So you need to reset your standards.
I'm not sure we do. The site was in need of some maintenance on both the server and software side. It didn't pan out as well as hoped. I'm also well aware of SLAs having architected solutions with high availability requirements etc. However, that isn't really required here IMO. We chew the cud on topics more or less peakoil related and there are some bespoke integrations required between various components of the site. Yes, it was mildly offputting, but no one lost any business over it and Admin finally managed to get some work done that had been needing doing for a long time. I'm sure next time he'll have learned from what happened this time (and don't forget he has a life too).
If there is anyone else who thinks the site needs to implement some form of high availability please speak up. Admin had been trying to find a developer to help him on some specific stuff for a long time and was unsuccessful as it was pretty niche integration work. And there were unexpected problems with the new hosting infrastructure. Having root access to real servers in a highly available environment with strict SLAs with the hosting provider would immediately put the whole thing way beyond current pricing to the extent that I don't think it would be financially feasible.

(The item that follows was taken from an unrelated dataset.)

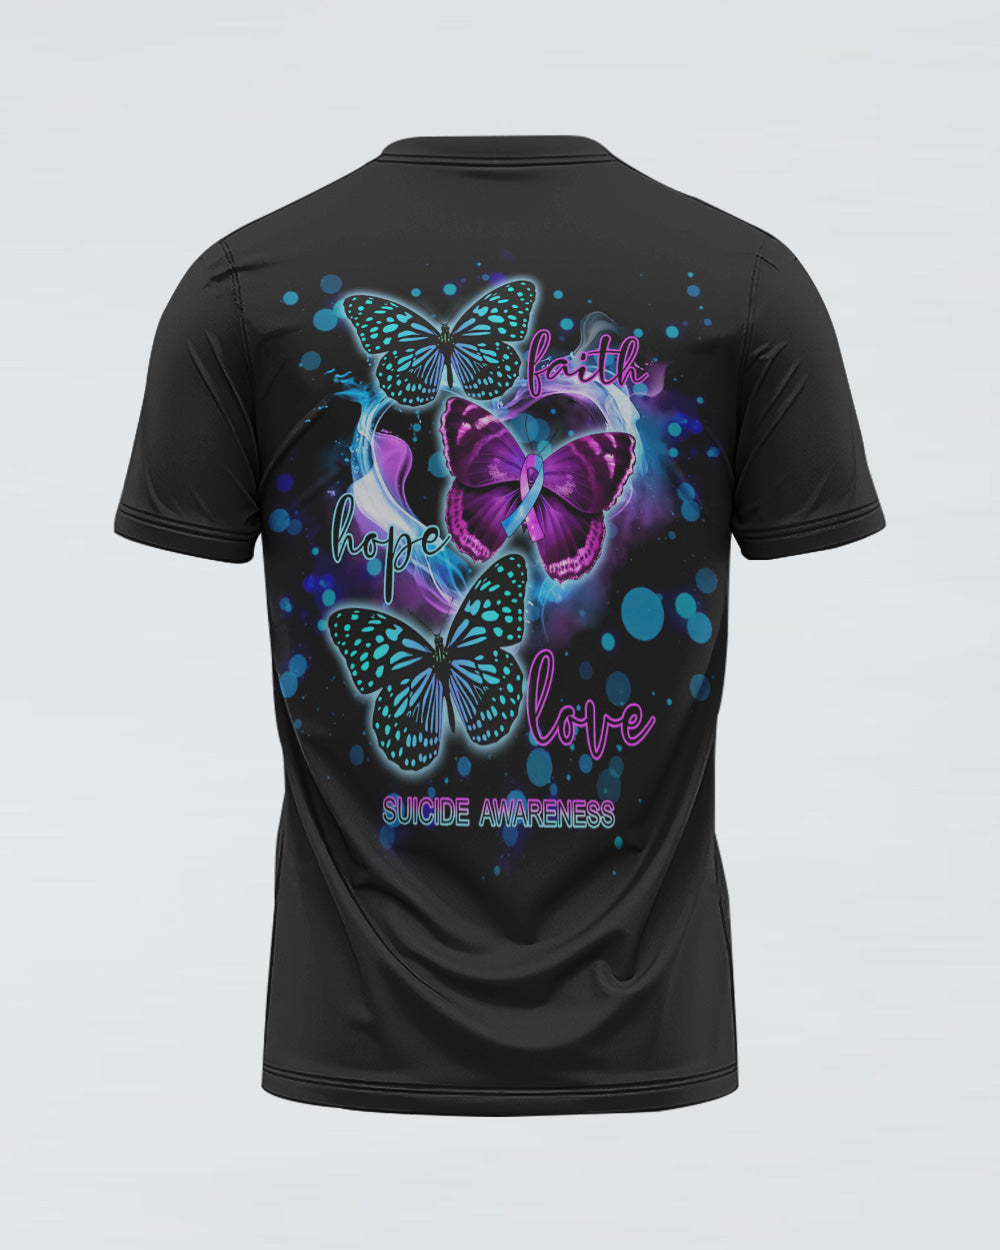 Butterfly Faith Hope Love Heart Women's Suicide Prevention Awareness Tshirt

Having one virtualised server with code and data backups (and a dev environment) seems the best compromise for a site such as this. Generally all work is initially done on the dev environment, but things broke when changing the production server. It wasn't something that Admin could have expected, but I'm sure next time he'll have a user acceptance period first for the new server (but if the problem is load-based, we wouldn't necessarily catch it unless we ran stress tests).